In parallel, new technologies are being utilized in terrestrial settings that have, with modification, potential to be employed in extraterrestrial settings as well. One such technology, termed CytoFLEX nano flow cytometer, is currently in use to profile extracellular vesicles [66,67] and lipid nanoparticles (LNPs) [68,69]. While at this point in time, the CytoFLEX nano flow cytometer is better suited for > 80 nm micelle profiling, in the near future this might be honed down to also suit smaller sizes. Providing it is further fine-tuned to a space-qualified nanoscale cytometer, the advantage of such instrumentation would be direct detection of single-particle biosignatures as opposed to bulk composition detection with CE-LIF. Although the sensitivity for micelles is borderline, the next step in evolution, i.e. fusion of micelles to much larger vesicular protocell precursors (0.1-10µm) [53], and that both micelles and vesicles can show the emergence of protospecies, could be significantly supported by the above-mentioned technology (Figure 3).

8. Conclusion

We have suggested that the search for biosignatures on Europa’s icy surface should aim at the search for a High Argument signal, in the LDKB terminology, by identifying a definite S-isotopic excursion. Such potential biosignatures, if detected, should be supplemented soon by independent evidence to produce complementary evidence of truly a biogenic origin. In other words, the ongoing Jovian Orbital Missions in due course could search for large values of δ³⁴S for the possible detection of meaningful values.
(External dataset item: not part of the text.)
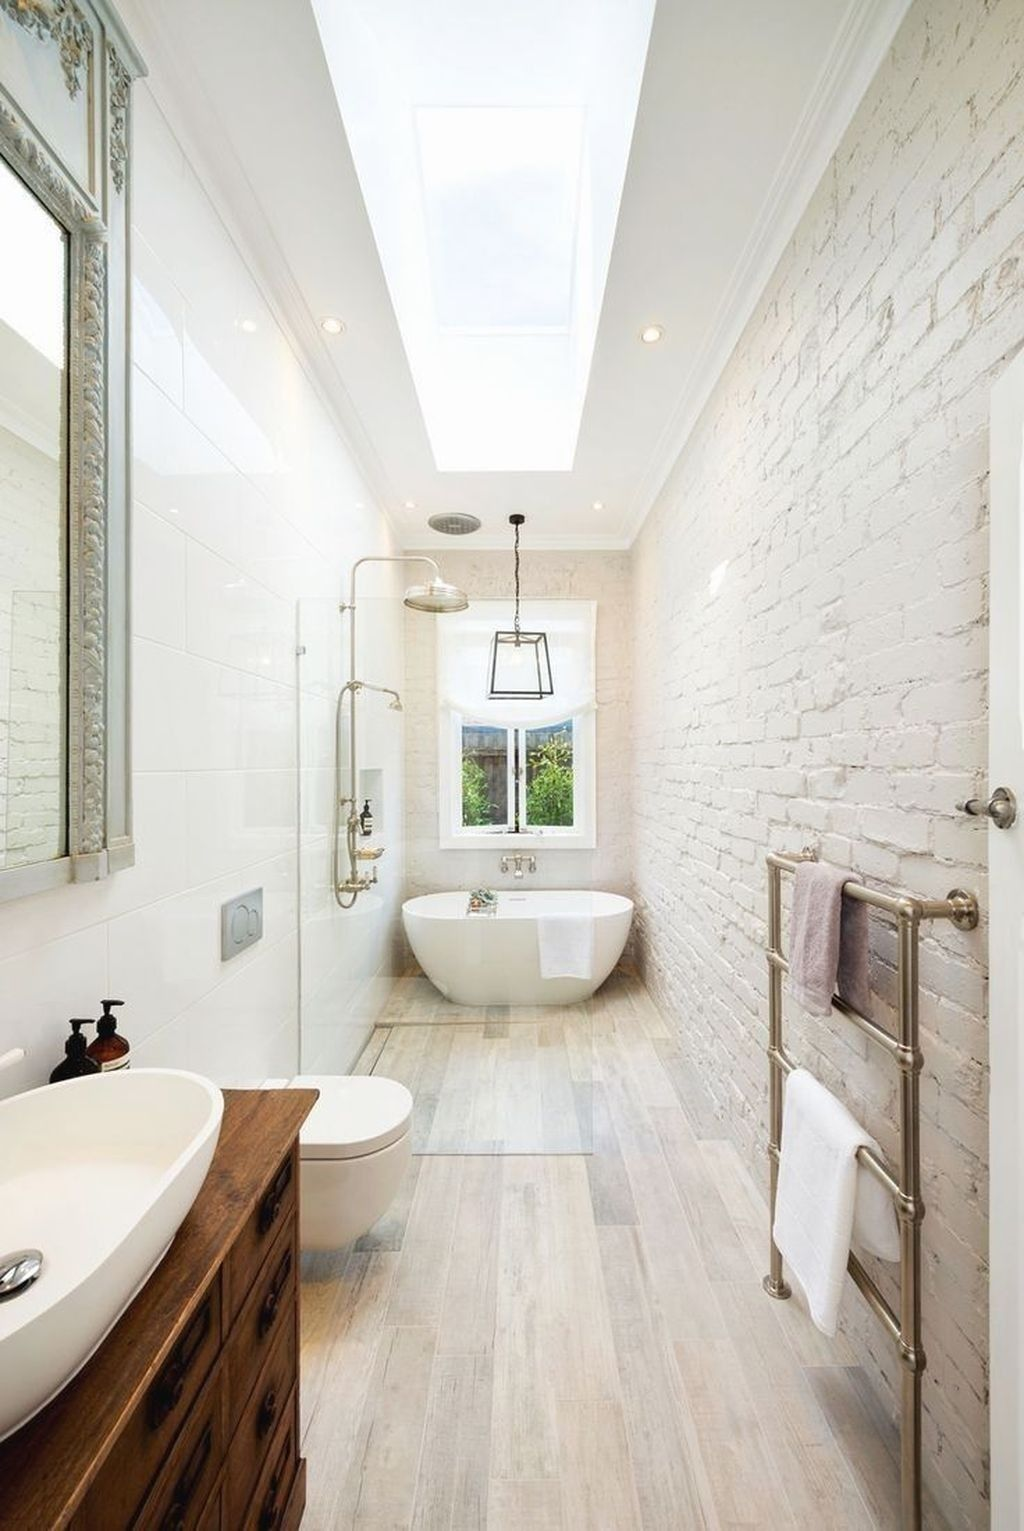 46 Nice Bathroom Remodel Designs Ideas Bathroom Bathroomdesign Bathroomdesignideas Small Bathroom Layout Small Narrow Bathroom Narrow Bathroom Designs

This could occur either orbitally, or eventually by means of a lander. Thus, such results would be a first step for the detection of a possible biosignature, to be confirmed by independent measurements. Some possibilities have been explored by looking into the early stages of life on earth. The astrobiological experimentation described in Sec 7 would be useful for discovering chemical entities on oceanic moons, protospecies that could be evidence for on the surfaces of Europa and Ganymede that would be a route to future life’s emergence.